Legal Checklist: Content Removal in India
A step-by-step legal checklist to follow when you need to remove harmful online content in India — from documentation to court filing.
In This Guide
- 01Phase 1: Document the Harm (Before Taking Any Action)
- 02Phase 2: Identify Responsible Parties
- 03Phase 3: Platform Grievance Filing
- 04Phase 4: Legal Notice
- 05Phase 5: Court Action (if notices are ignored)
Phase 1: Document the Harm (Before Taking Any Action)
☐ Take full-page screenshots with timestamps of all harmful URLs.
☐ Record the exact URL, date of first appearance, and platform.
☐ Search for the content on Google, Bing, and DuckDuckGo — screenshot search result pages.
☐ Document any measurable harm: cancelled contracts, lost clients, screenshots of messages referencing the content.
☐ Identify whether the content is a review, post, article, video, or image.
Phase 2: Identify Responsible Parties
☐ Identify the poster (username, profile URL, any real-world information visible on the profile).
☐ Identify the platform and its Indian Grievance Officer (check platform settings or their IT Rules 2021 compliance page).
☐ Identify the hosting provider if the content is on an independent website.
☐ Note whether the content appears on Google, and record the specific search queries that surface it.
Phase 3: Platform Grievance Filing
☐ Send a formal written complaint to the platform's Grievance Officer — not the report-abuse button.
☐ The complaint must cite the specific URL, the false or defamatory content, and invoke the IT (Intermediary Guidelines) Rules 2021.
☐ Send via email and retain proof of delivery (read receipt or courier acknowledgement for postal notices).
☐ Note the date — the 72-hour acknowledgement and 15-day resolution clock starts from this date.

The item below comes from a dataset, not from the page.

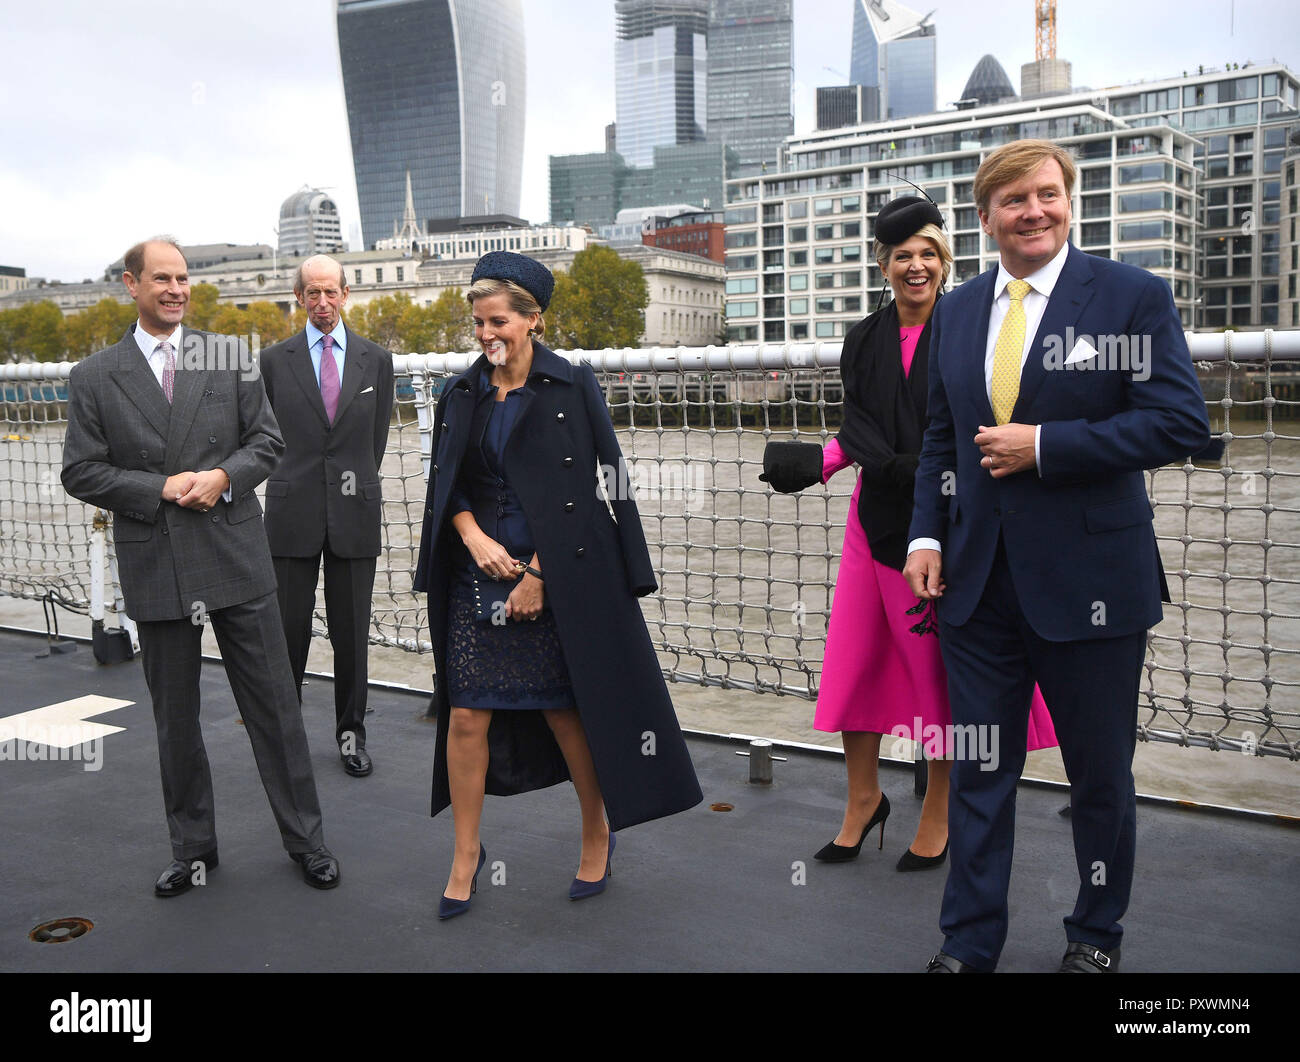 (Left to right) The Earl of Wessex, The Duke of Kent, Countess of Wessex, Queen Maxima and King Willem-Alexander of the Netherlands on HMS Belfast in London to watch an on-the-water capability demonstration between the Royal Netherlands Marine Corps and the Royal Marines. Stock Photo
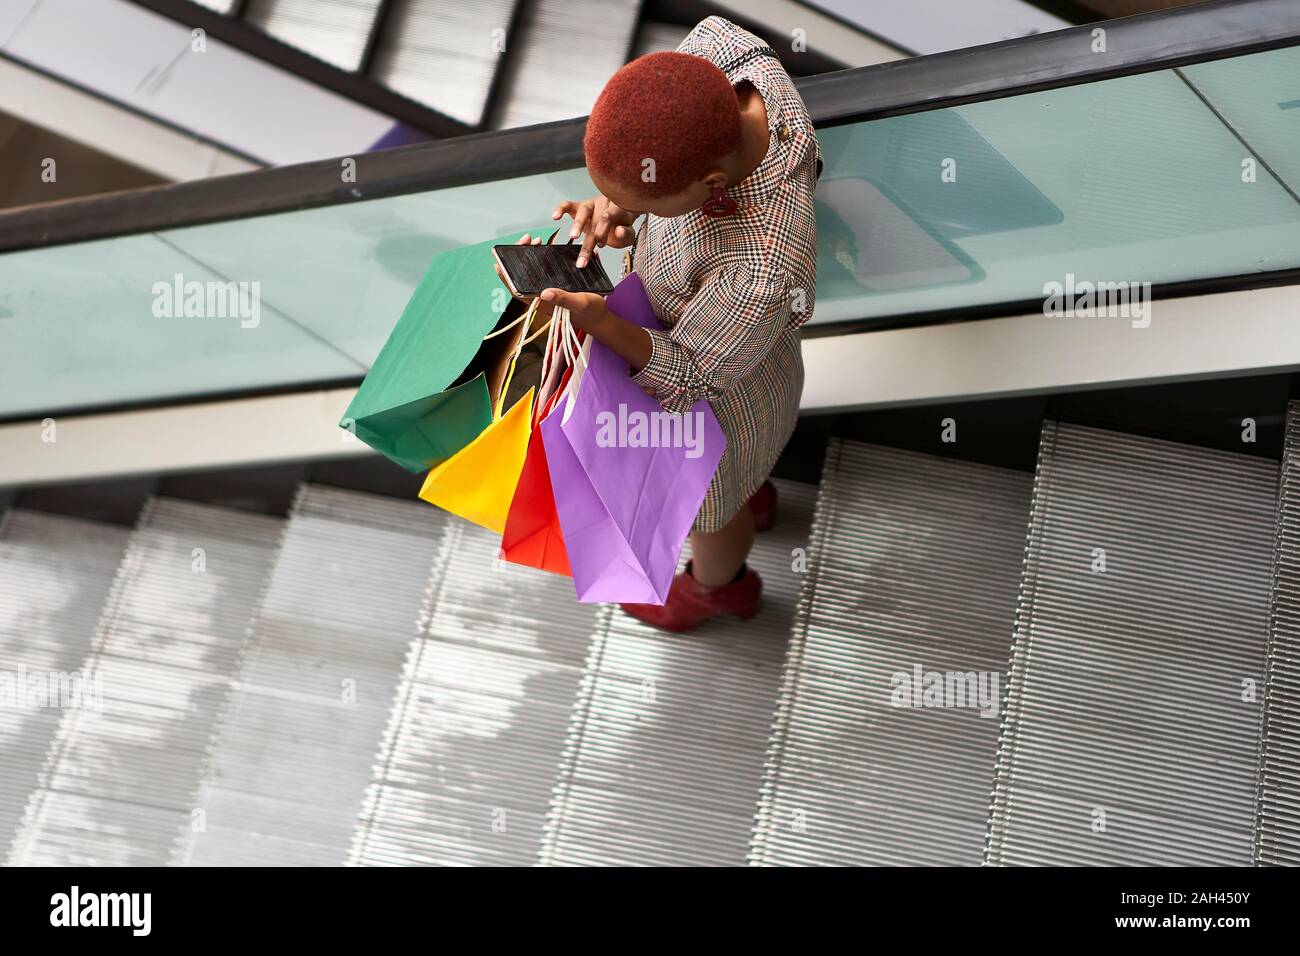 Young woman holding colorful shopping bags and checking her cell phone while descending the stairs Stock Photo

☐ If no acknowledgement within 72 hours, escalate immediately to legal notice stage.
Phase 4: Legal Notice
☐ Instruct an advocate to send formal legal notices to: (a) the poster if identified, (b) the platform Grievance Officer, (c) Google through its Indian legal representative if the content is ranking.
☐ The notice must invoke Sections 499/500 IPC, relevant IT Act sections, and the IT Rules 2021 compliance obligation.
☐ Allow 15–30 days for compliance.
☐ If the platform complies within the notice period, verify removal and confirm de-indexing from Google.
Phase 5: Court Action (if notices are ignored)
☐ File a civil suit for defamation with an application for interim injunction at the competent High Court.
☐ If the poster is anonymous, include an application for a John Doe order to compel identity disclosure.
☐ Serve court orders on Google and the platform through their registered legal representatives.
☐ Monitor compliance within the time specified in the order; initiate contempt proceedings if not complied with.